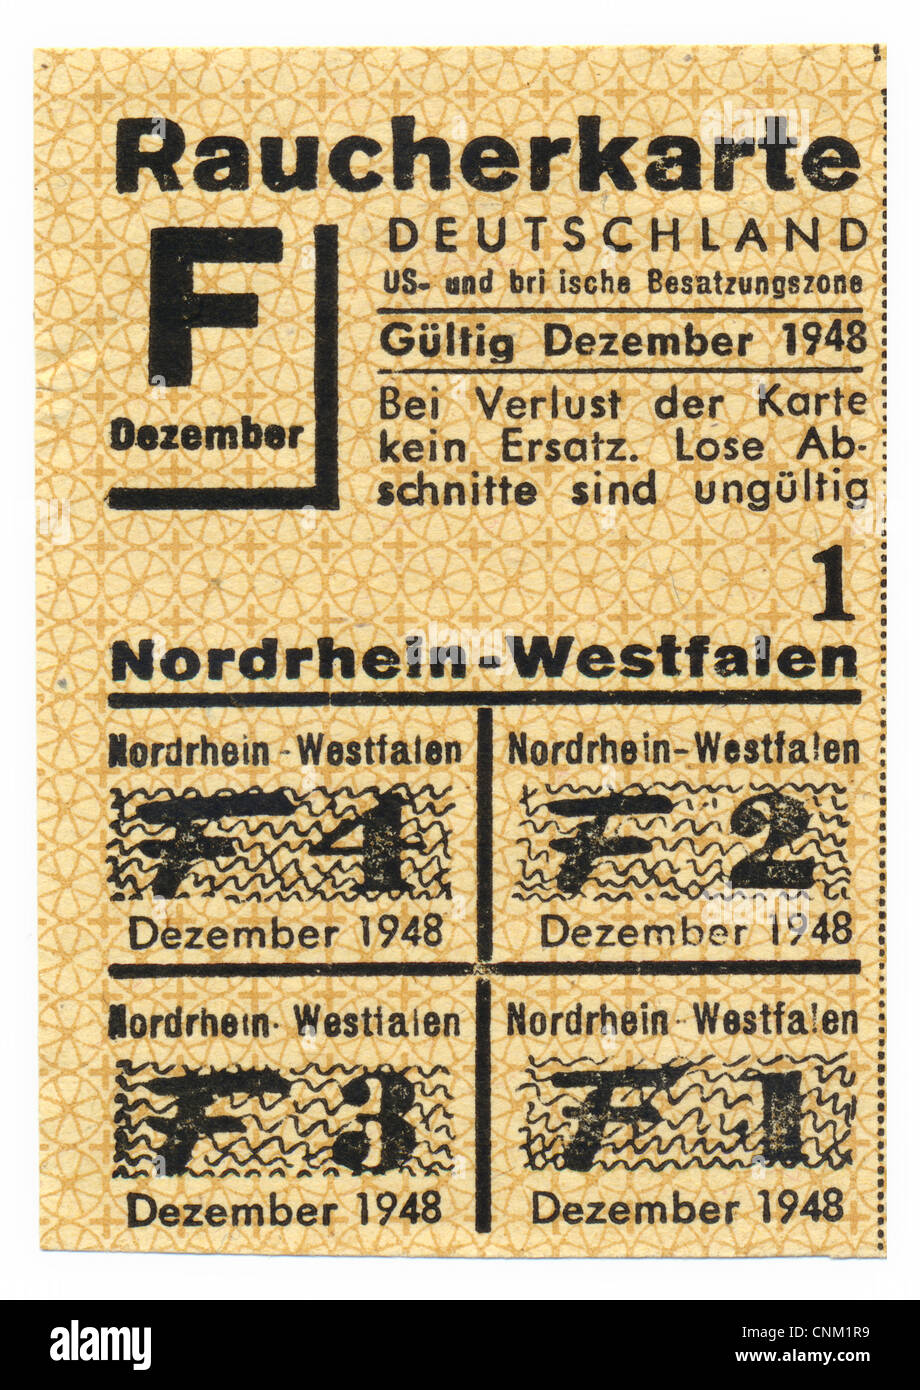 Ration Karte kaufen, Tabakwaren, Raucher Rationierungskarte von 1948, amerikanische und britische Besatzungszone, Deutschland, Europa Stockfoto
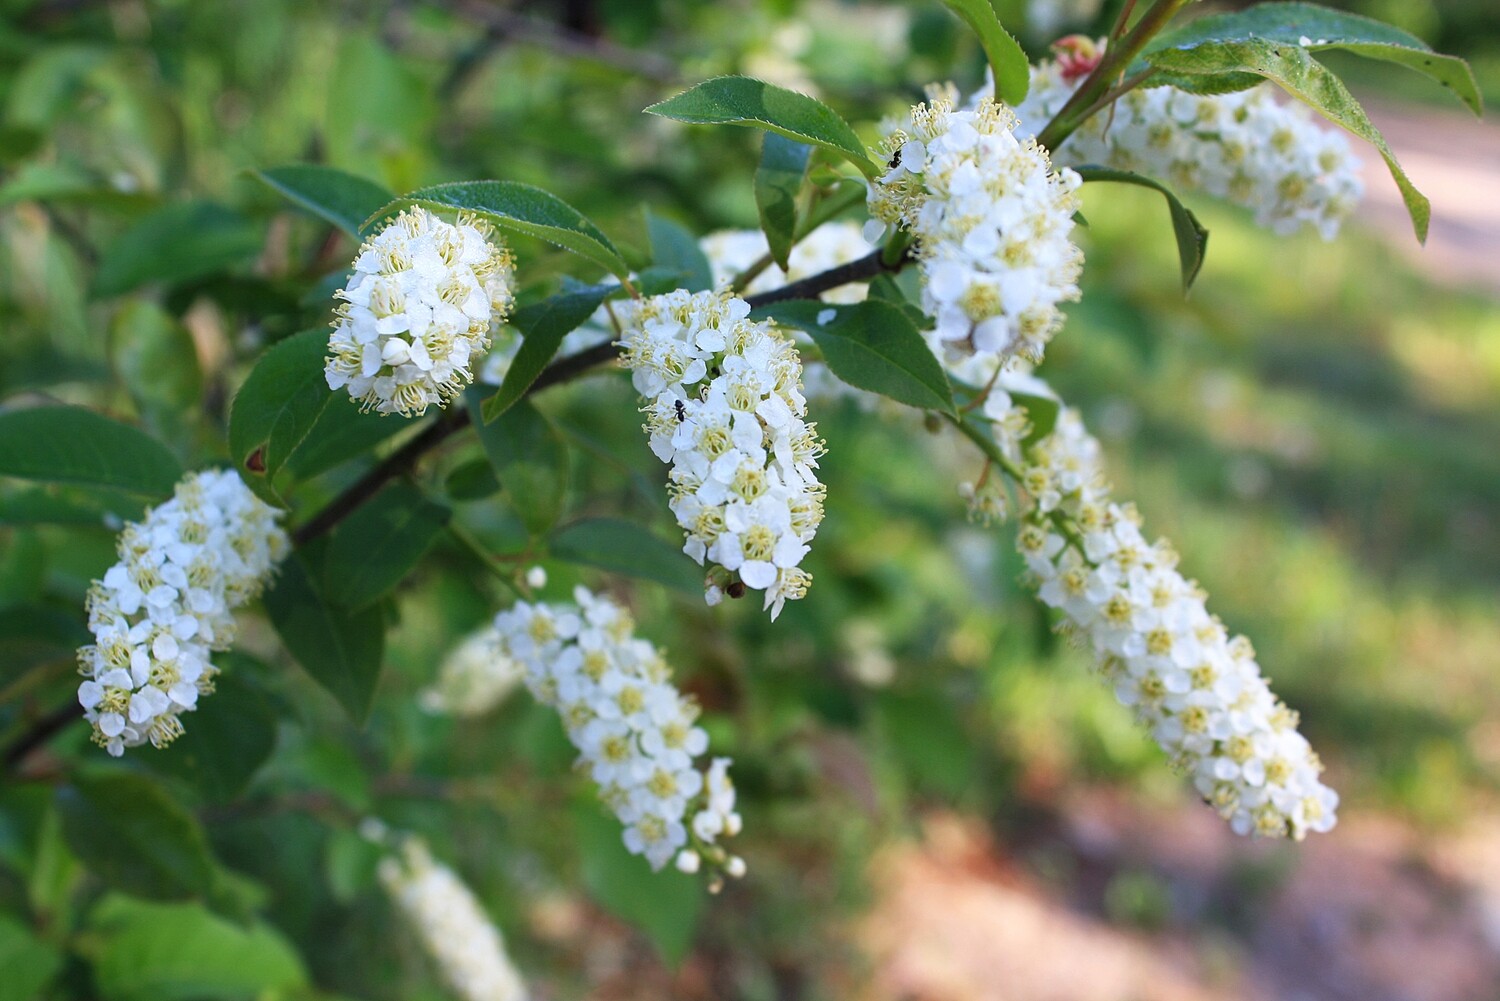 Prunus virginiana - Chokecherry
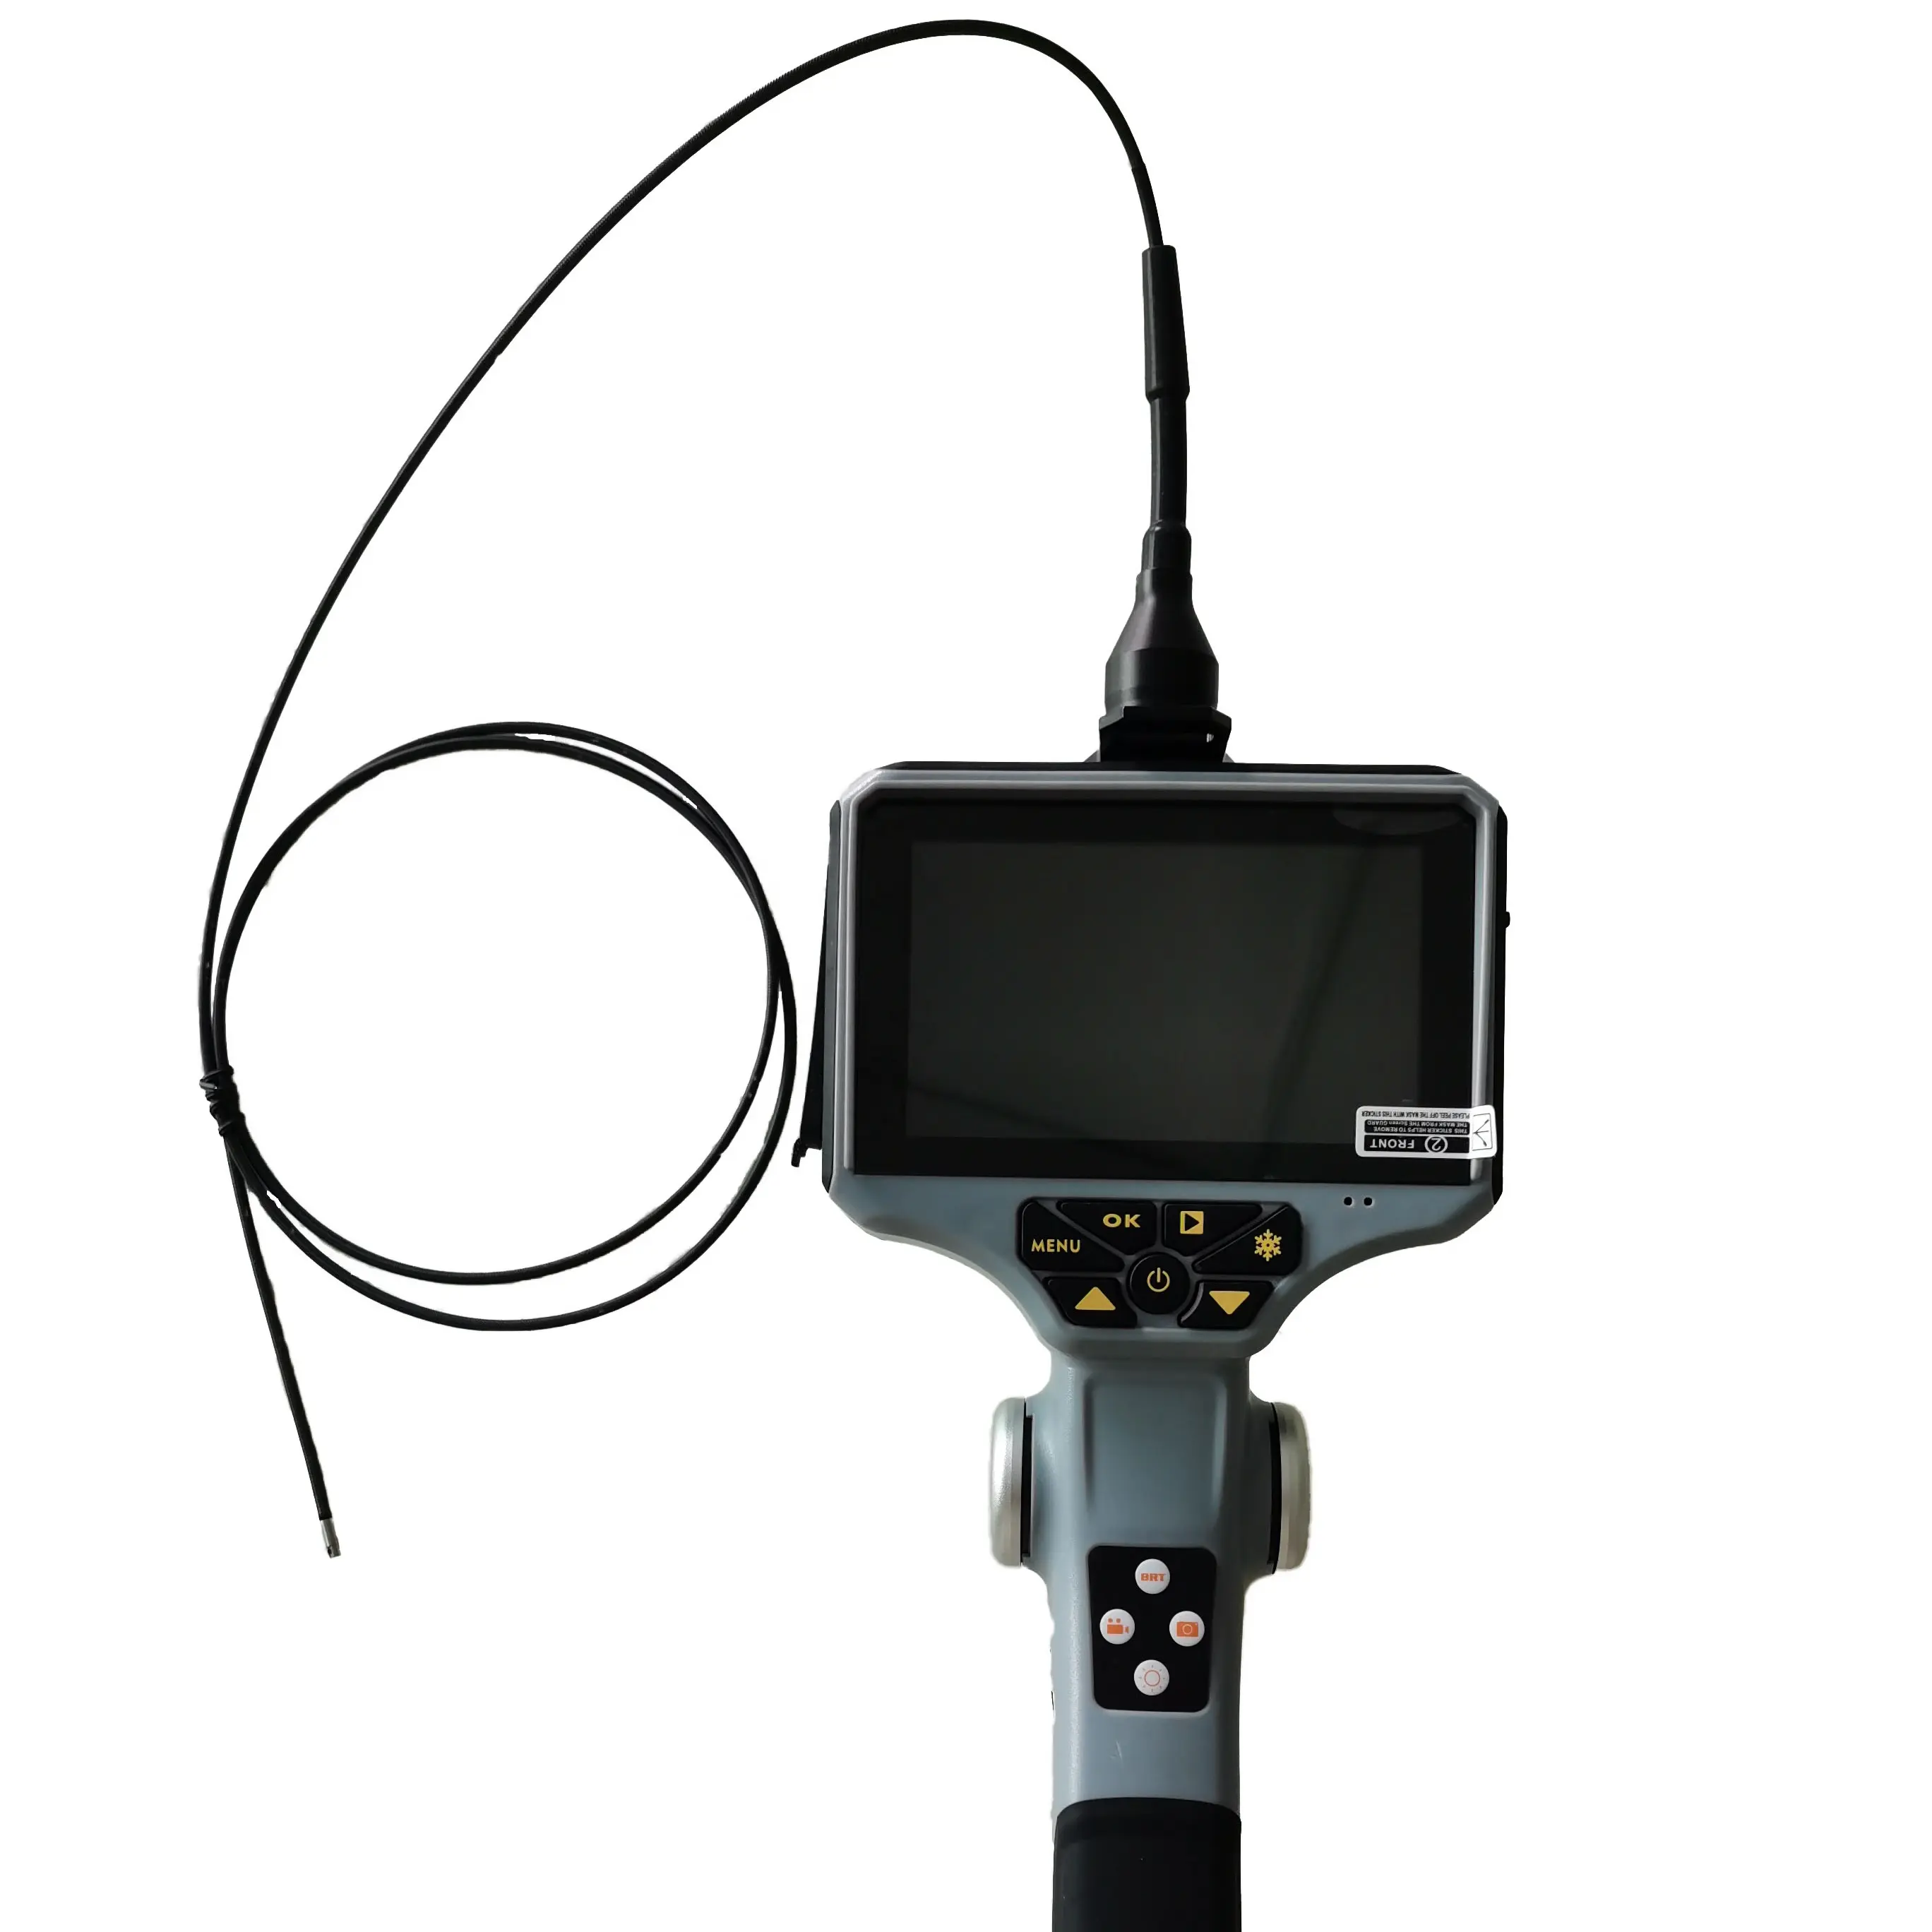 กล้องส่องวิดีโอ Borescope ยาว2.8มม.,กล้องตรวจสอบกล้องวิดีโอพร้อมจอ LCD 5นิ้วการทดสอบด้วยภาพเส้นผ่านศูนย์กลาง1.2มม. แบบยืดหยุ่น

PROBLEM DESCRIPTION: Once the pictures are removed, copy the listing exactly.

ANSWER AREA:
 Ration Karte kaufen, Tabakwaren, Raucher Rationierungskarte von 1948, amerikanische und britische Besatzungszone, Deutschland, Europa Stockfoto
 Prunus virginiana - Chokecherry
 กล้องส่องวิดีโอ Borescope ยาว2.8มม.,กล้องตรวจสอบกล้องวิดีโอพร้อมจอ LCD 5นิ้วการทดสอบด้วยภาพเส้นผ่านศูนย์กลาง1.2มม. แบบยืดหยุ่น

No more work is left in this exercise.